Сомнений не оставалось. Листва парка уже не могла скрыть остов громадной лодки. С её ростом тревога охватывала город. Взрослые говорили о войне.
В детских книгах, которые мать читала Талю, война представлялась праздником в образе быстрых тачанок, лошадей, звенящих сабель, солдат с красными звёздами, дружных и громких песен.
Когда лодка в парке выросла выше деревьев, отец принялся рыть яму в глубине сада, подальше от дома. Яму он называл щелью, в которую нужно будет прятаться от самолётов. В воображении Таля самолёт и имя Чкалов олицетворяли мечту. Яму накрыли старыми досками, на них насыпали слой земли и поверху набросали ветки. По приставной лестнице отец взобрался на крышу дома и рукой показывал Талю куда положит ещё ветку, чтобы с воздуха нельзя было распознать щель. Наконец закончили и спустились туда всей семьёй. Пахло сырой землёй, отец беспрерывно зажигал спички, было душно и тесно. Жанет начала плакать, протягивая ручки к светлому проёму. Выбираться оказалось труднее, осыпались ступеньки, скользили ноги.
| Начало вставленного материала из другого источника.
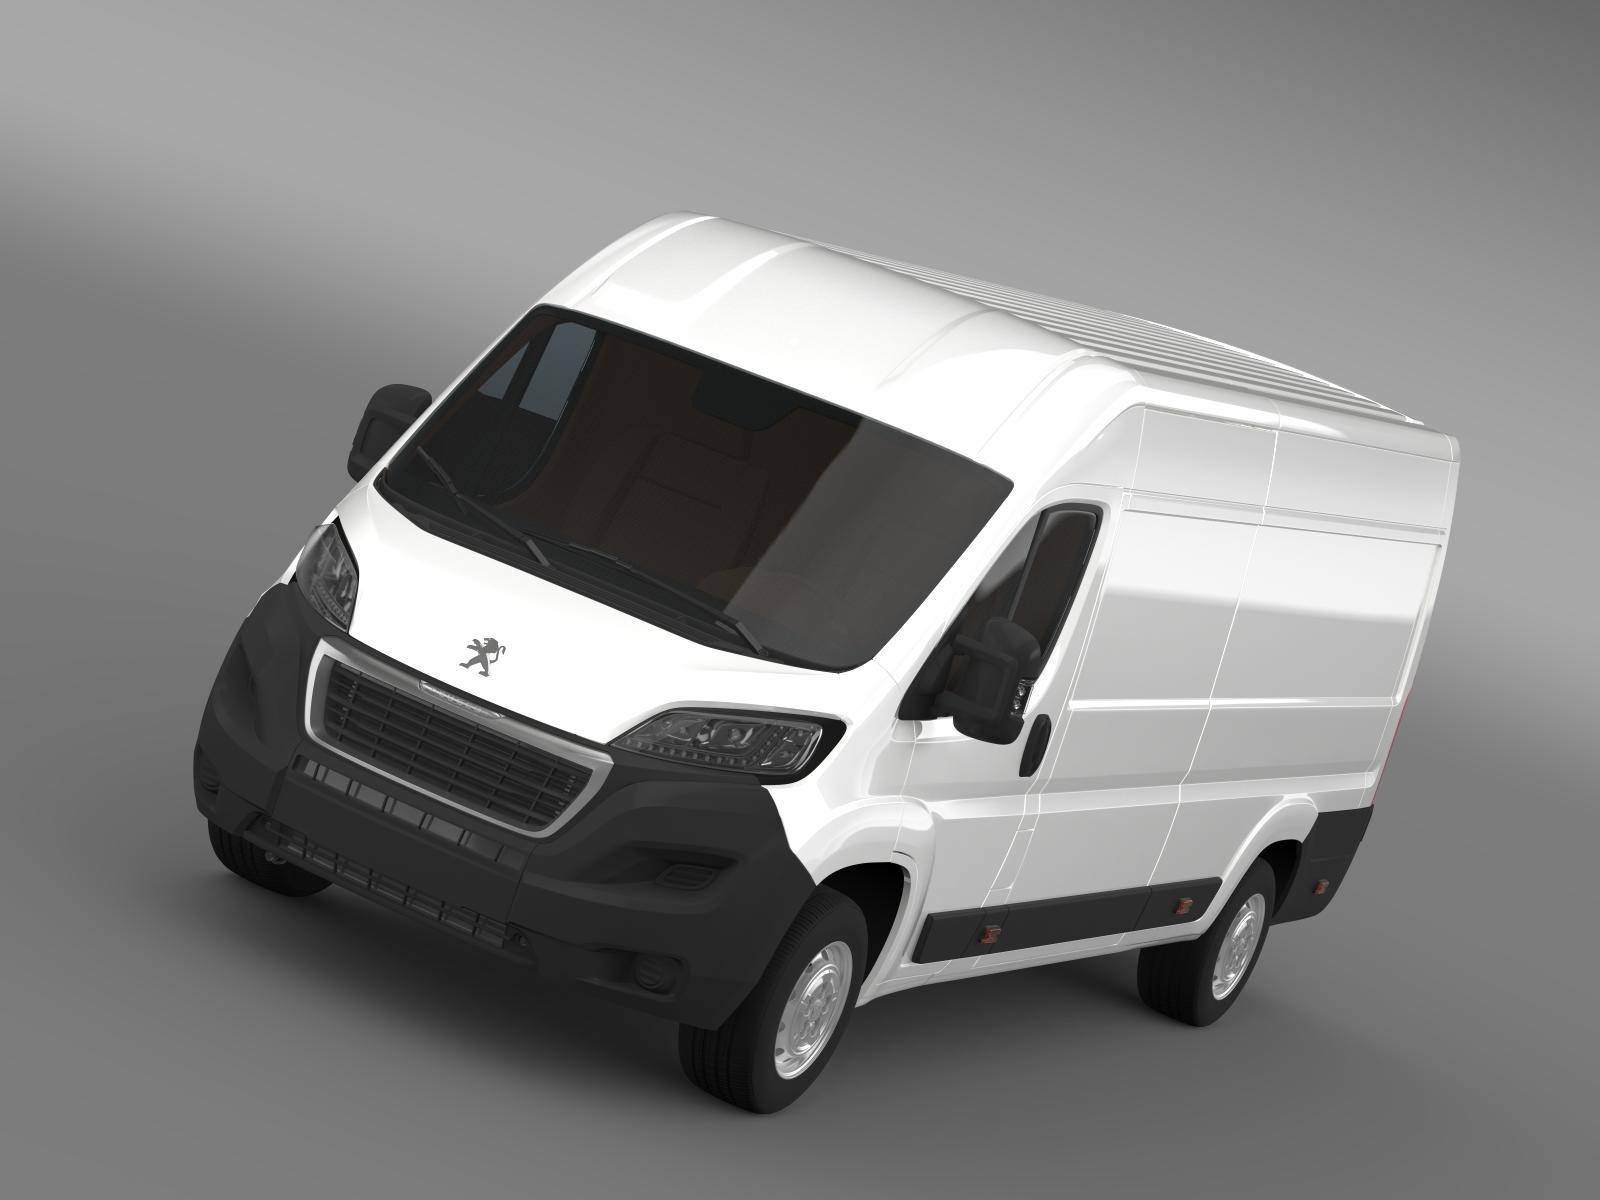 peugeot boxer furgons l4h2 2014 3d modelis 3ds max fbx c4d lwo ma mb hrc xsi obj 203103

Вскоре узкая немощёная улочка, на которой жил Таль, заполнилась солдатами, гулом моторов. Несколько тракторов волочила лодку к реке. Солдаты суетились, подкладывая под её днище круглые брёвна. В узких местах лодка не помещалась в улицу, движение останавливалось, разбирались заборы к громкому неудовольствию владельцев домов. Когда солнце перевалило на другую сторону реки, подкатили к берегу. Солдаты со всех сторон облепили лодку и под громкое «ура» столкнули в воду. Быстрое течение подхватило её.
С той стороны тоже много людей наблюдали, бегали вдоль берега, размахивали руками. Голосов не было слышно, и потому люди казались игрушечными и смешными. Некоторое время реку по ширине можно было сравнить с лодкой. Но что это? Лодка начала уменьшаться в размерах, её корма начала погружаться и исчезла в мутных водах реки. Только нос, удерживаемый канатами, напоминал нечто грандиозное. Стало так тих, что слышалось журчанье воды. Первые опомнились офицеры, закричали командами, забегали солдаты, отгоняя любопытных, а некоторых силой посадили в грузовики и увезли.
В этот же день отец обещал взять Таля в школу на выпускной вечер. Отец преподавал физику, мать учила детей русскому языку и литературе. Каждый старался привлечь сына к своему любимому предмету. Физическим фокусам отца Таль приятно удивлялся, но не понимал. Однажды отец вынул из кармана белый носовой платок и поджёг его. Горящий платок упал на пол, огонь прекратился, платок остался целым и таким же белым. Мать обычно готовилась к урокам перед вечером и часто усаживала рядом с собой Таля, читая вслух стихи и рассказы. Читала мать с напевом, каждая буква чётко выговаривалась, лицо сливалось со словами, тело с ритмом. Таль любил именно эти часы общения с матерью. Он был и сыном, и учеником, и даже ценителем: мать часто спрашивала, понравилось ли ему.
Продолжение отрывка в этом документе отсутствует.